--- Data shown ---
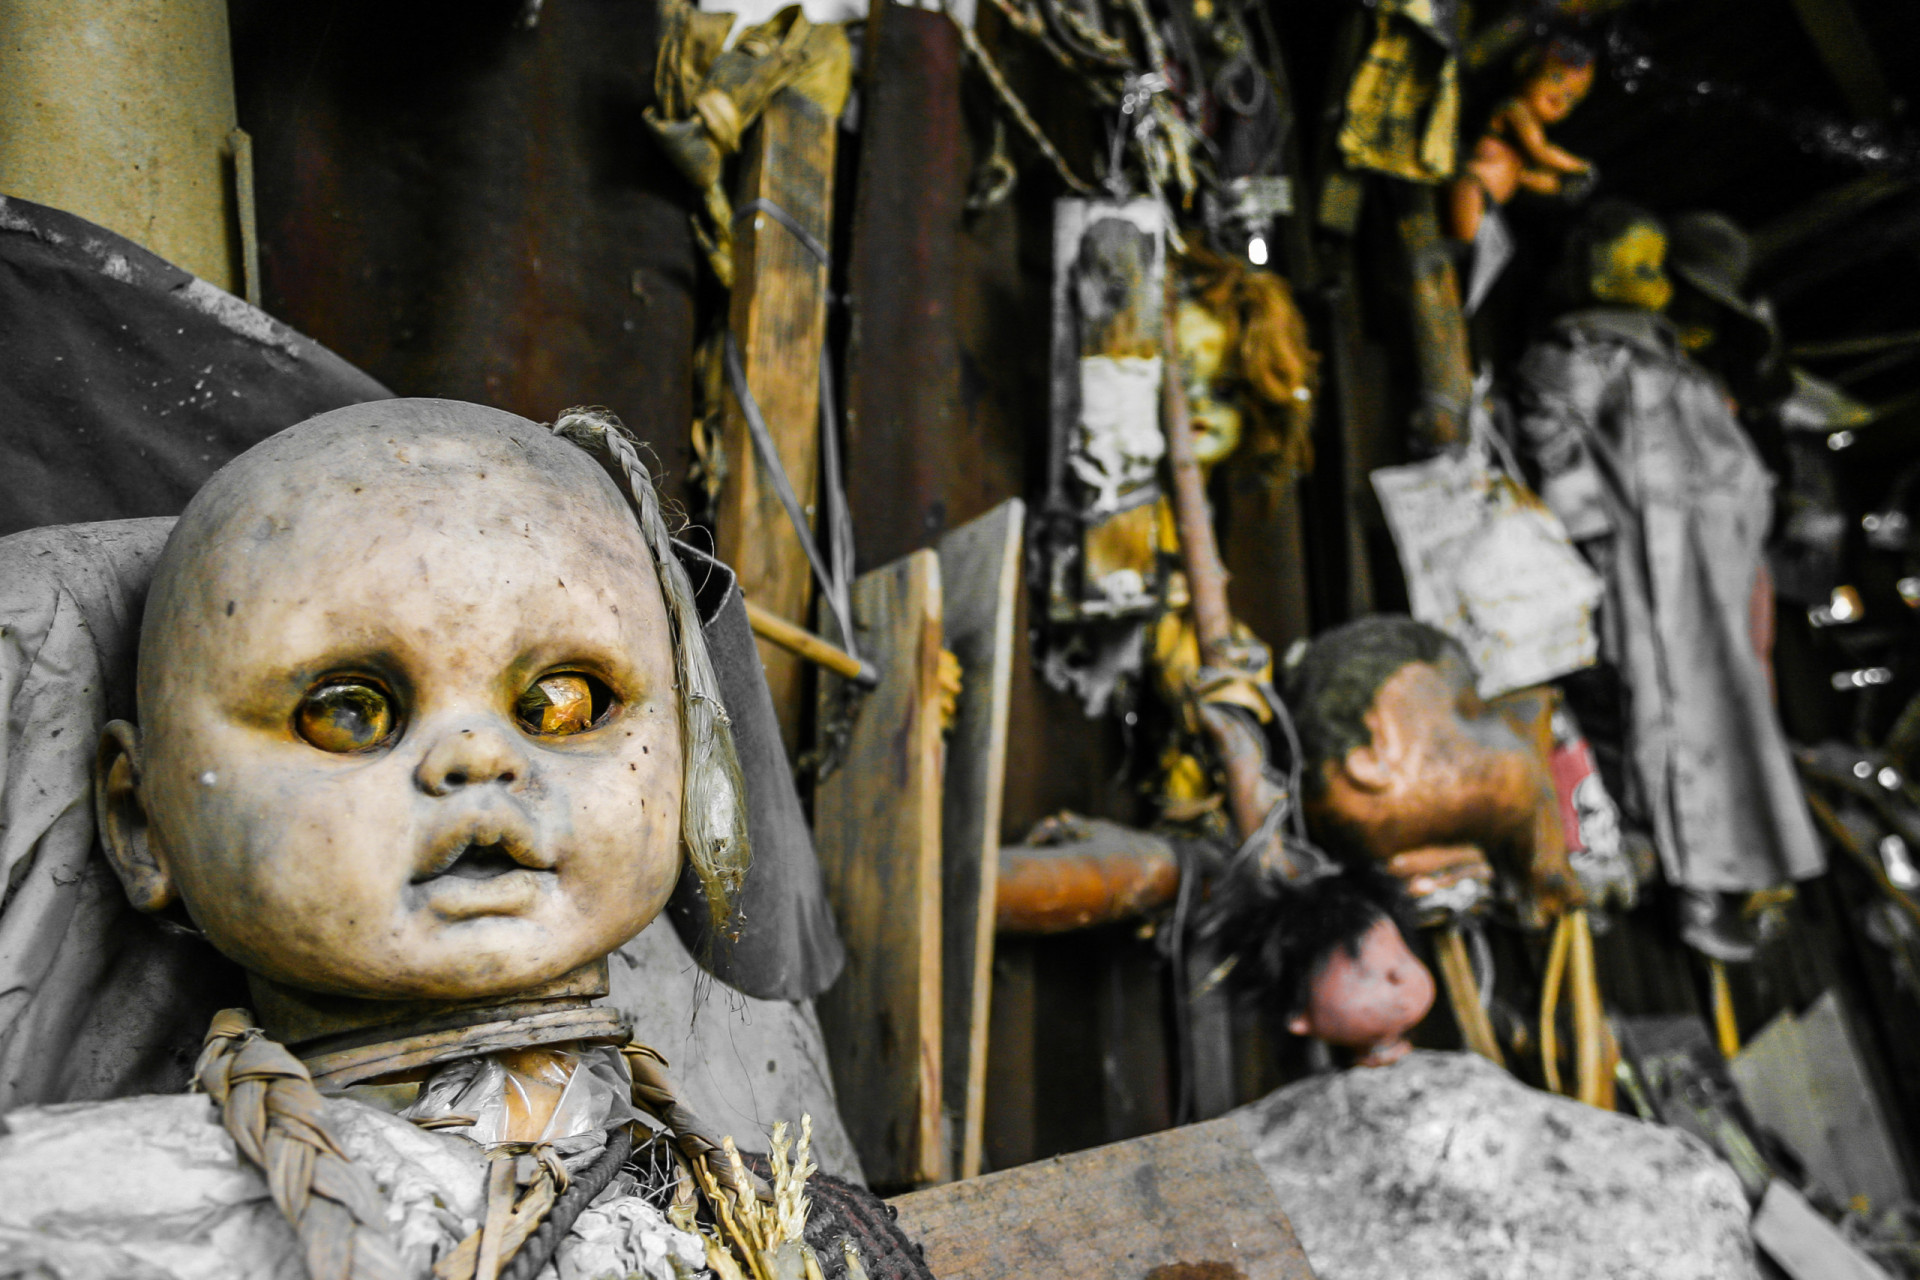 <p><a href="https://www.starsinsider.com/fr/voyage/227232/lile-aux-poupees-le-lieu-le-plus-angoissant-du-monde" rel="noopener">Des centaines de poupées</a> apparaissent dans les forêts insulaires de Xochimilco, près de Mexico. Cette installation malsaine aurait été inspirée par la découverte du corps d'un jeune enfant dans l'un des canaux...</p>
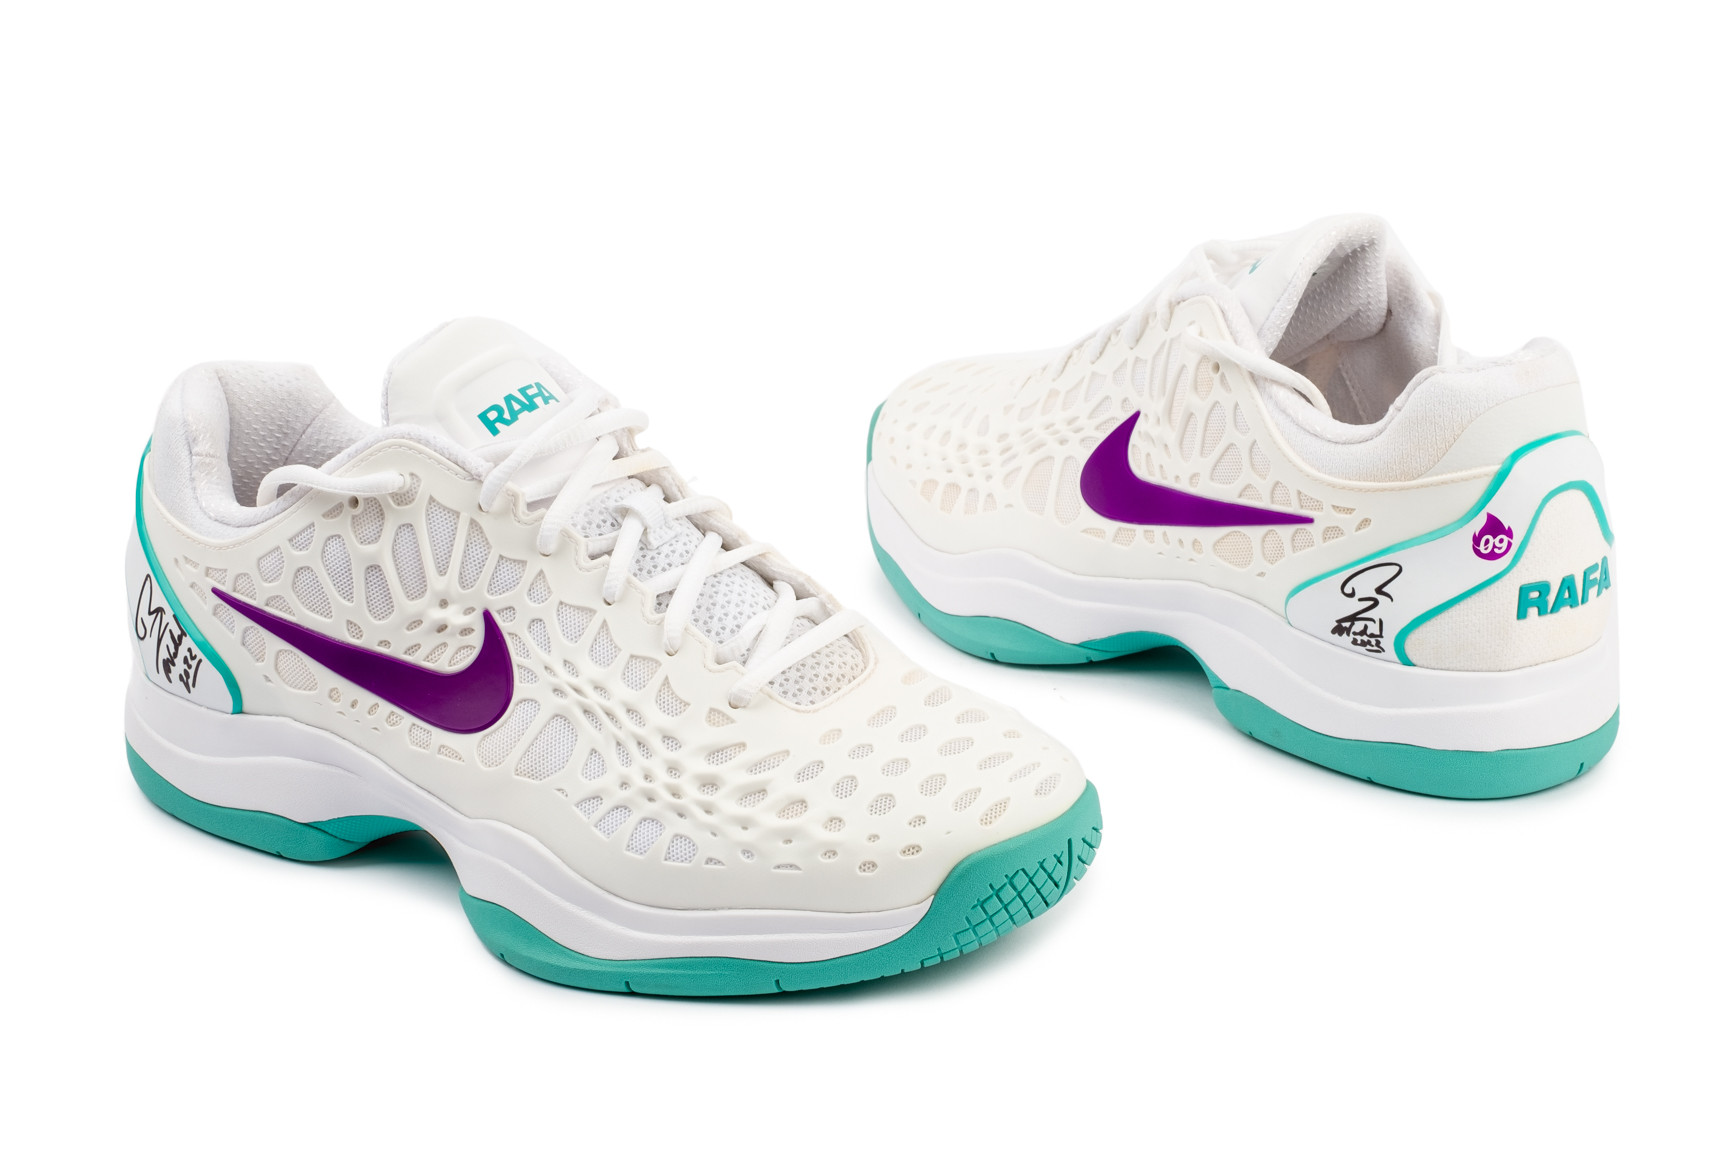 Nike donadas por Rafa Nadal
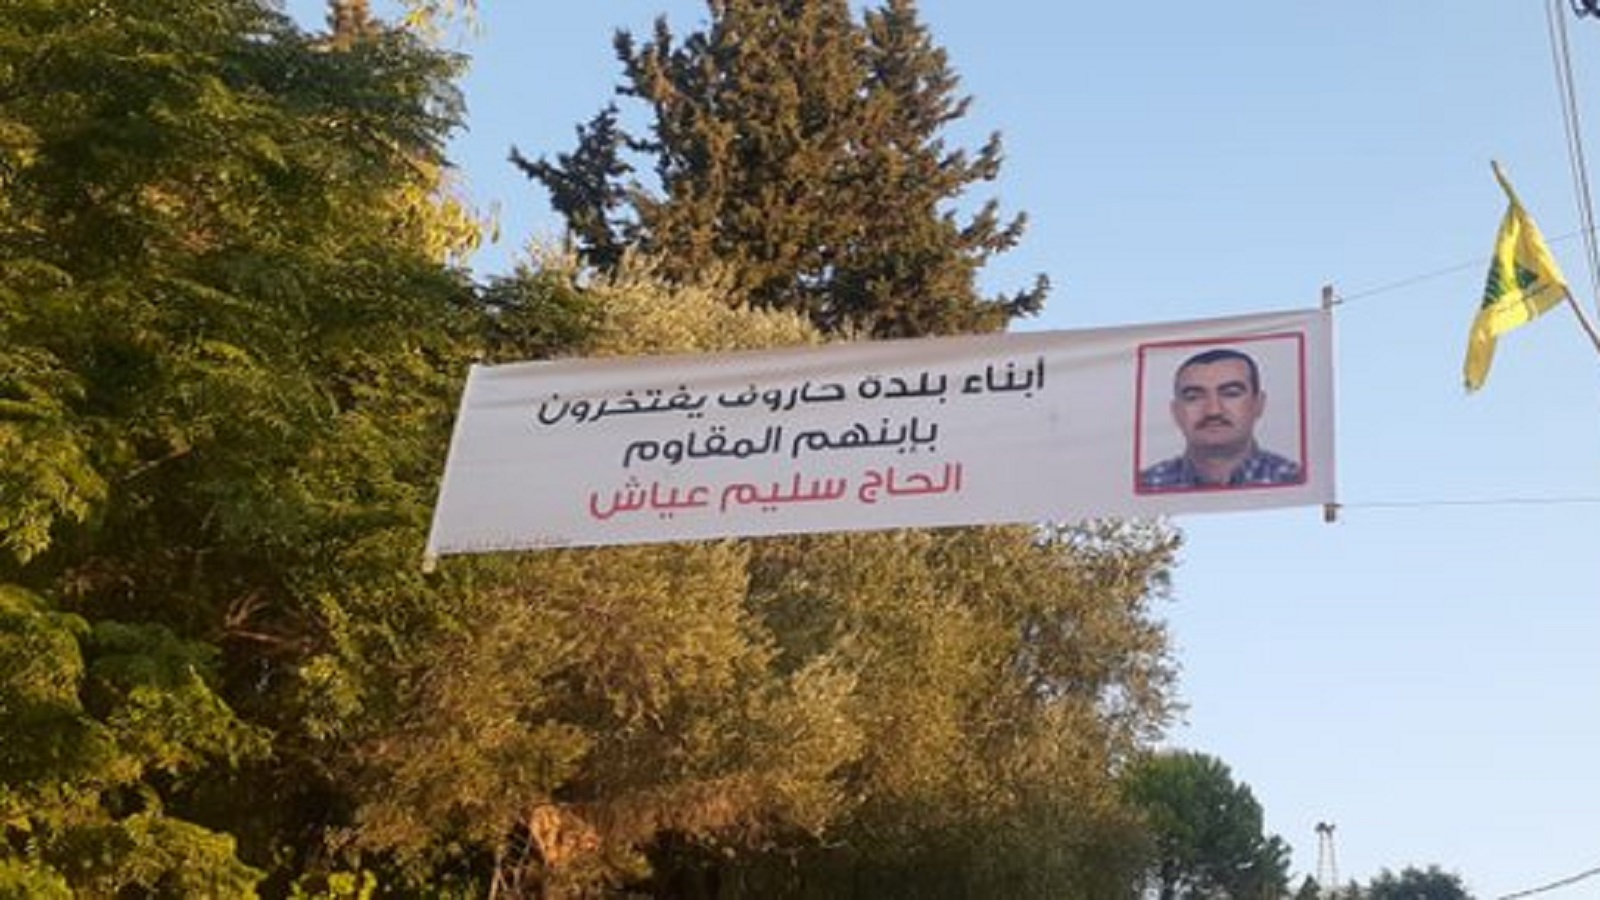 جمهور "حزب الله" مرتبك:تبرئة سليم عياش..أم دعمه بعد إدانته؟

--- Problem statement ---
What the answer must hold is the exact text of every line from the one containing "Nike donadas por Rafa Nadal" through the end of the data, minus any pictures.

--- Exercise response ---
 Nike donadas por Rafa Nadal
 جمهور "حزب الله" مرتبك:تبرئة سليم عياش..أم دعمه بعد إدانته؟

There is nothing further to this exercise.